Task details ▸ Output, exactly as written, the lines below starting at the line containing "Dragon Tattoo Photoshop edit" and ending at the line containing "Letterpress Business Card". Drop the pictures and keep both end lines.

The records ▸
----

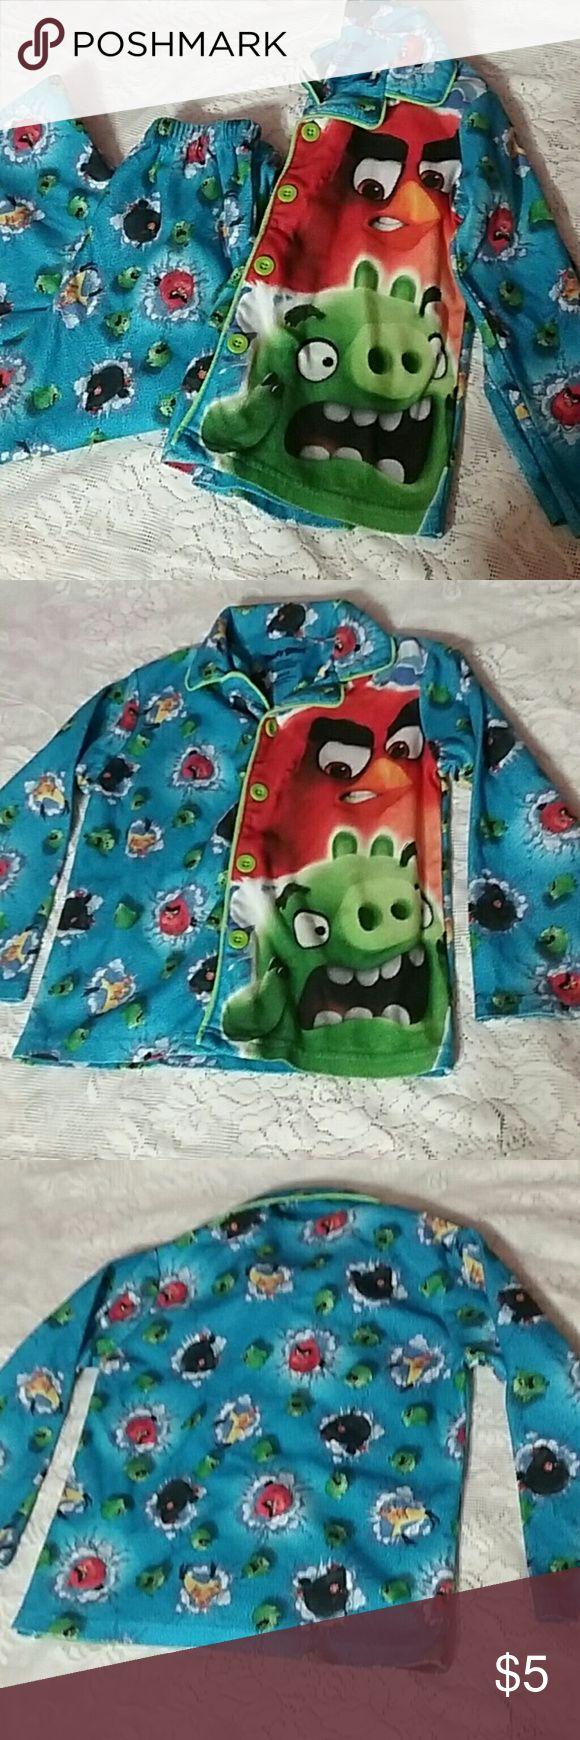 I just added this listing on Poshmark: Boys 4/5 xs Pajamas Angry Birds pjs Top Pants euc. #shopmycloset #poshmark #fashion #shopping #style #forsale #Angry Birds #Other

----

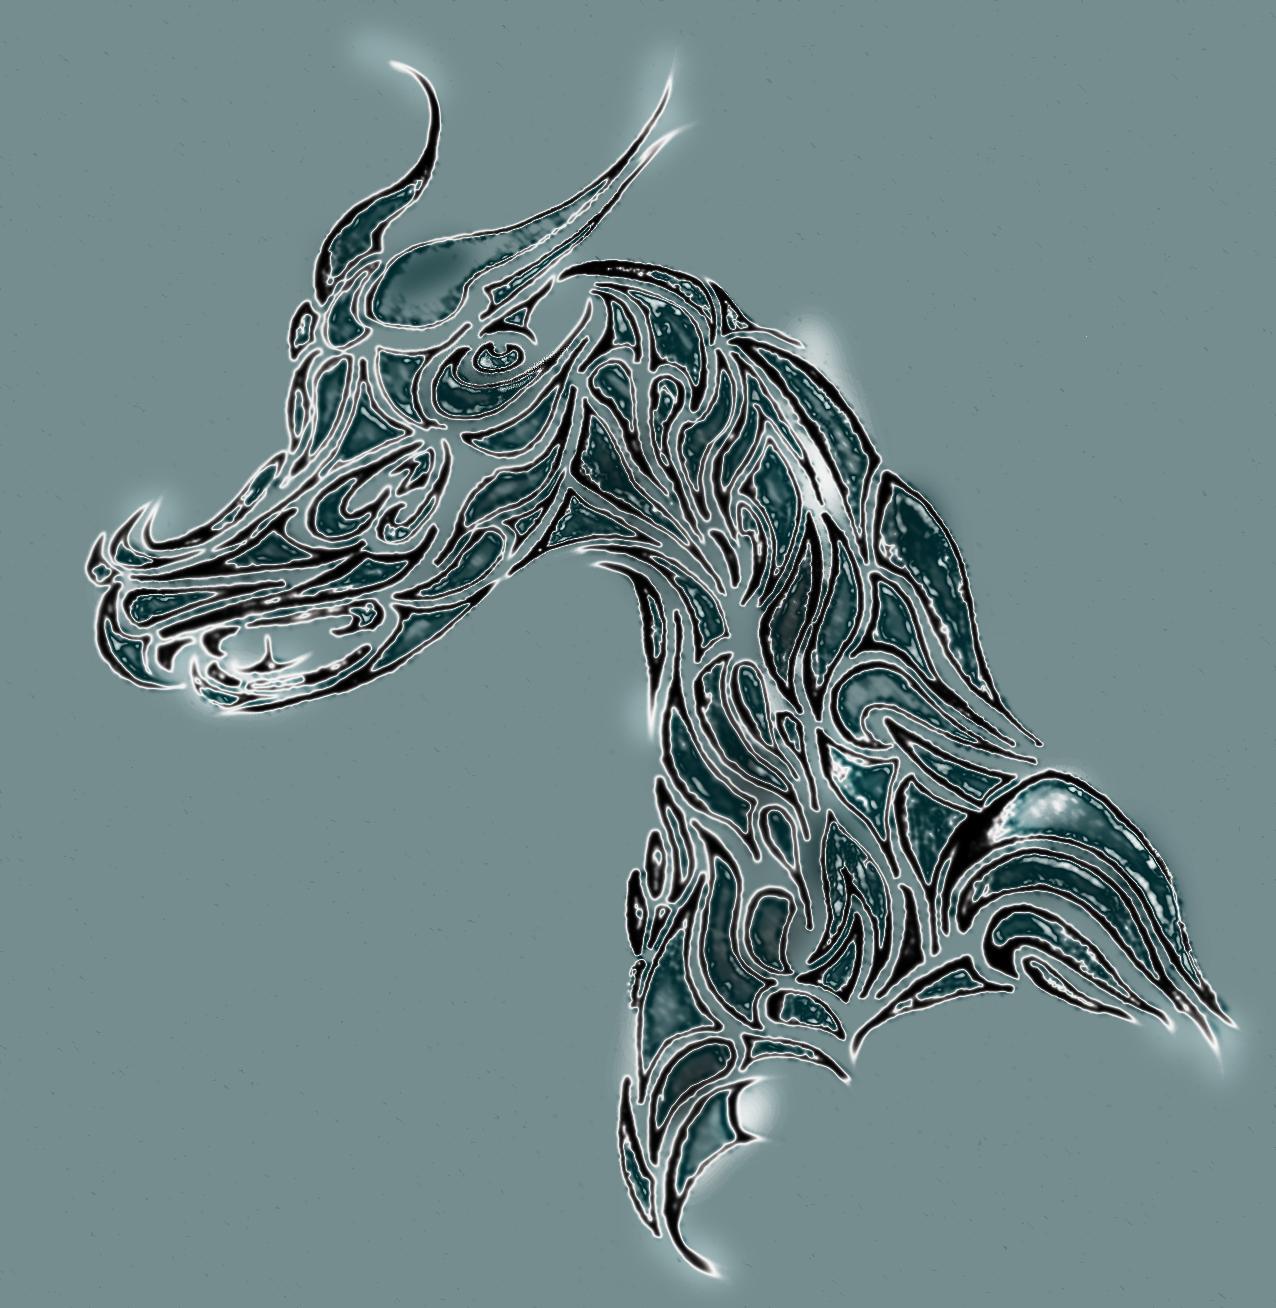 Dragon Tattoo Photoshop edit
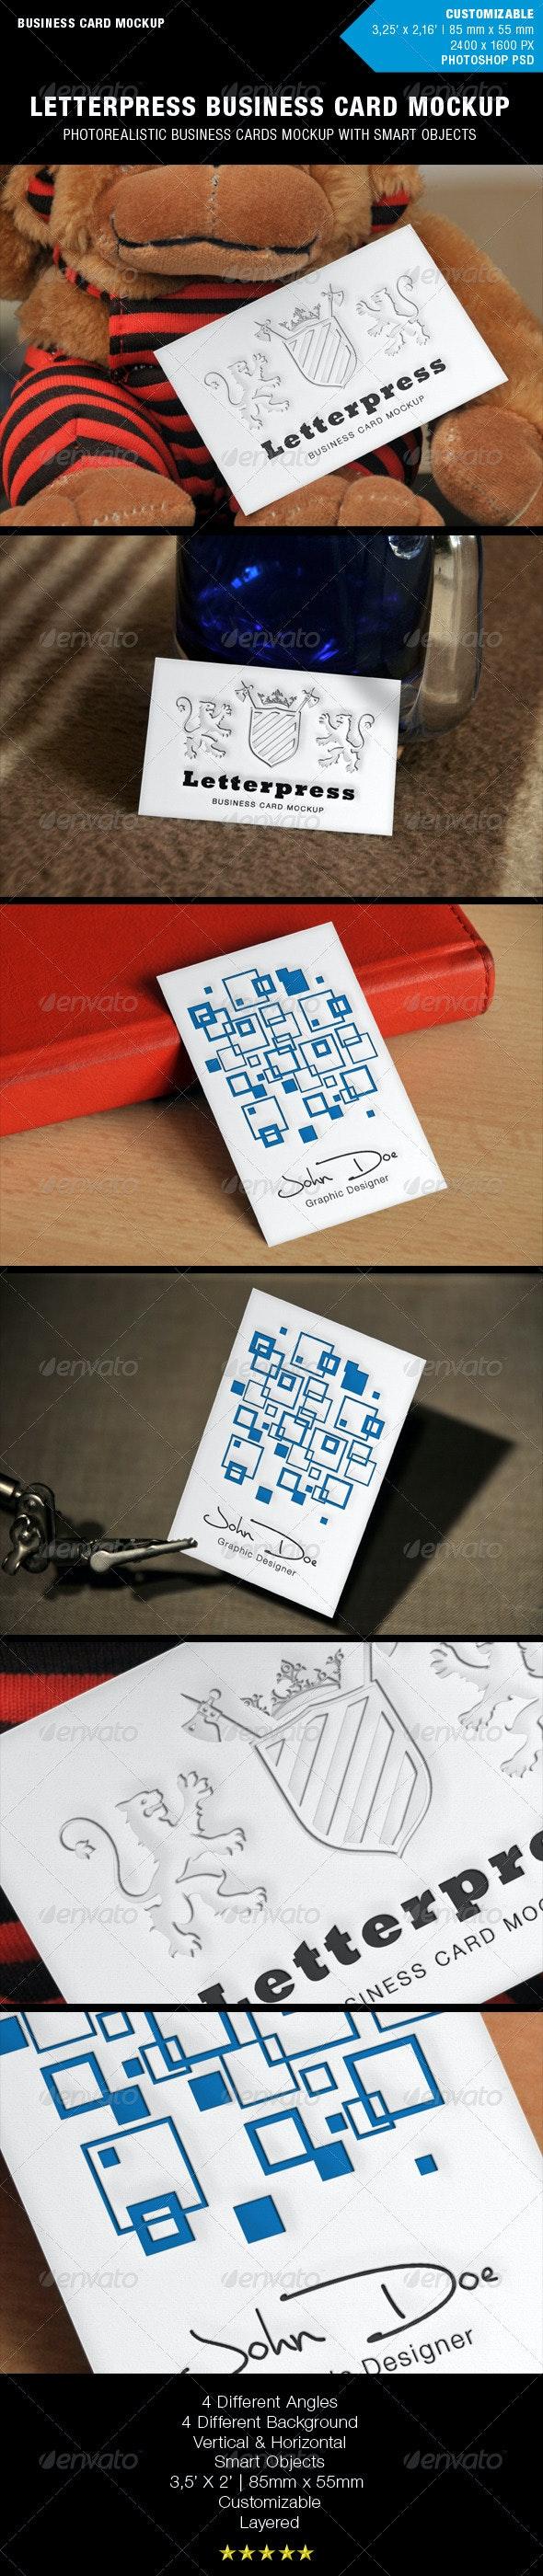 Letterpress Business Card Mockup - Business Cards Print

----

Solution ▸
 Dragon Tattoo Photoshop edit
 Letterpress Business Card Mockup - Business Cards Print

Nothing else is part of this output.